Posted: 3/7/2018 3:39:35 AM
Where I'm at the christians are the main ones cavorting around after judging you. I'm all for having faith and a belief, but after living in what is considered "the bible belt" and observing much of what I have. I don't believe that being christian makes one do right.

On another note to the poster that stated "honesty is the best policy" regarding someone being transparent, I agree, but for me where it was insulting was that particular guy whom I had chemistry with - was presuming that I was like the rest of the females that he's encountered that would enjoy being a part of a rotation in their potential std-fest. The lesson for me is once I see the complacency, tell-tale signs of a player-type, block all contact.

I'm reading many of the responses and many have good input. I think for many where the lines gets blurred is that sex has become so casual that there's a shorter window where some are even expecting some type of sex and most don't want to take the time to let you get to know them and vice versa.

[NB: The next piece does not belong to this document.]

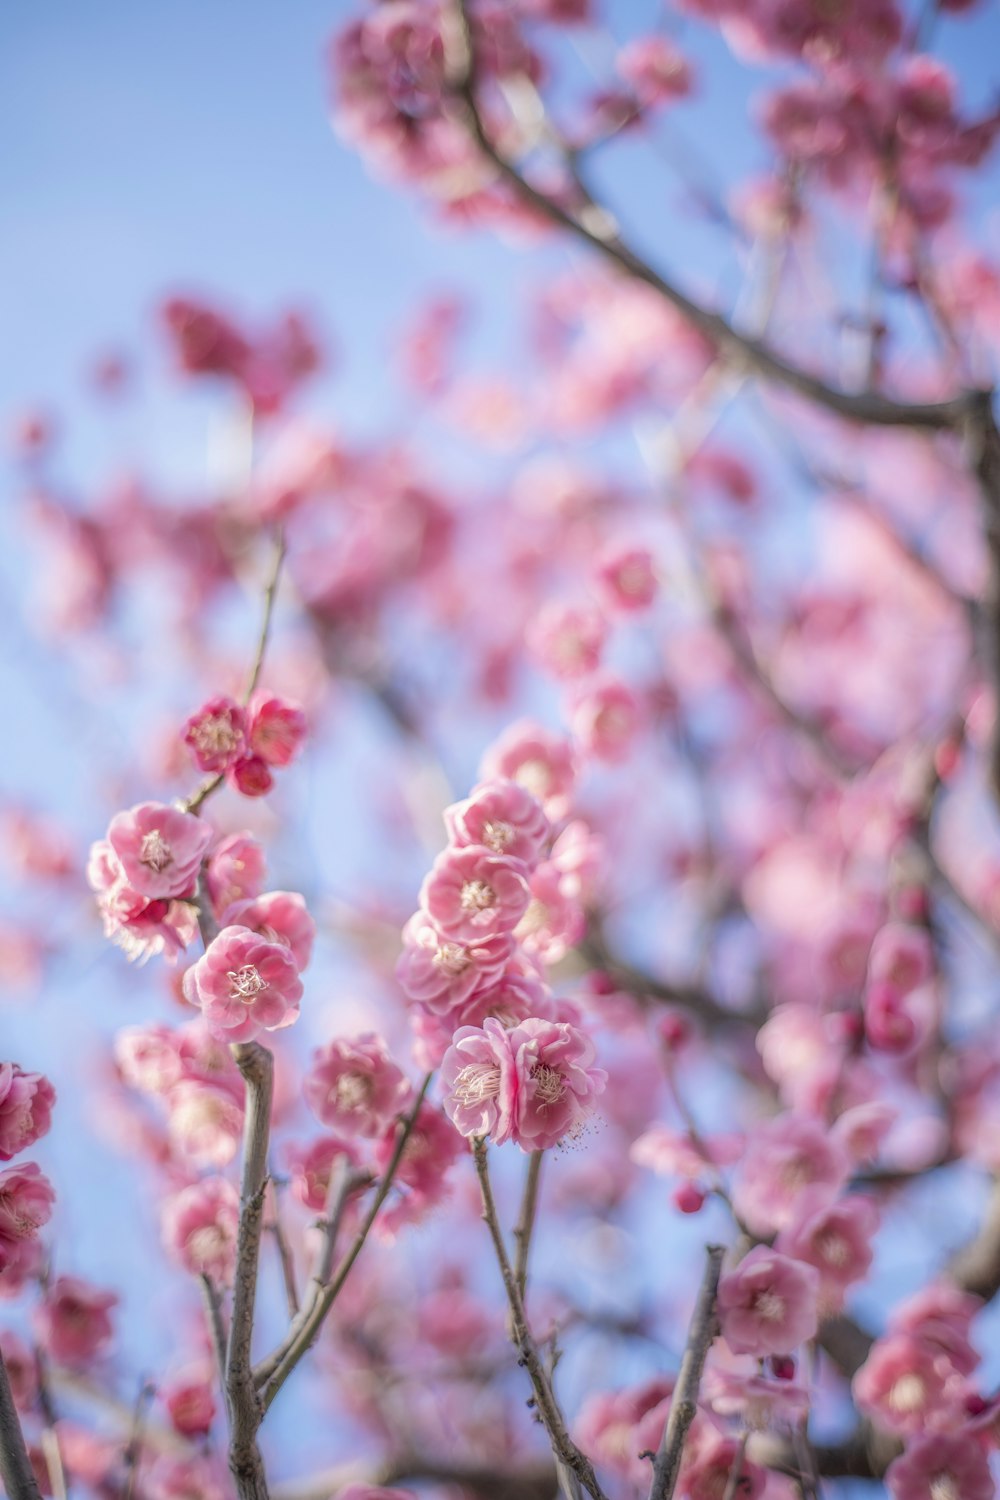 Las flores rosadas están floreciendo en un árbol

I mean sex is easy and most can get it damn near anytime, so many don't want to wait. I've heard this over and over and over with many other women in their plight of trying to get to know a guy before he starts making moves to have sex or even pressing for sex.

I've dealt with that bs many times, where you're trying to get to know the guy, about a month in they're kind of getting impatient and acting like you should already be having sex. I won't even get into the one guy that I dated from the site making stupid remarks of trying to say that if I didn't choose him, I'd end up dealing with some guy with stds based on where I'm at. ??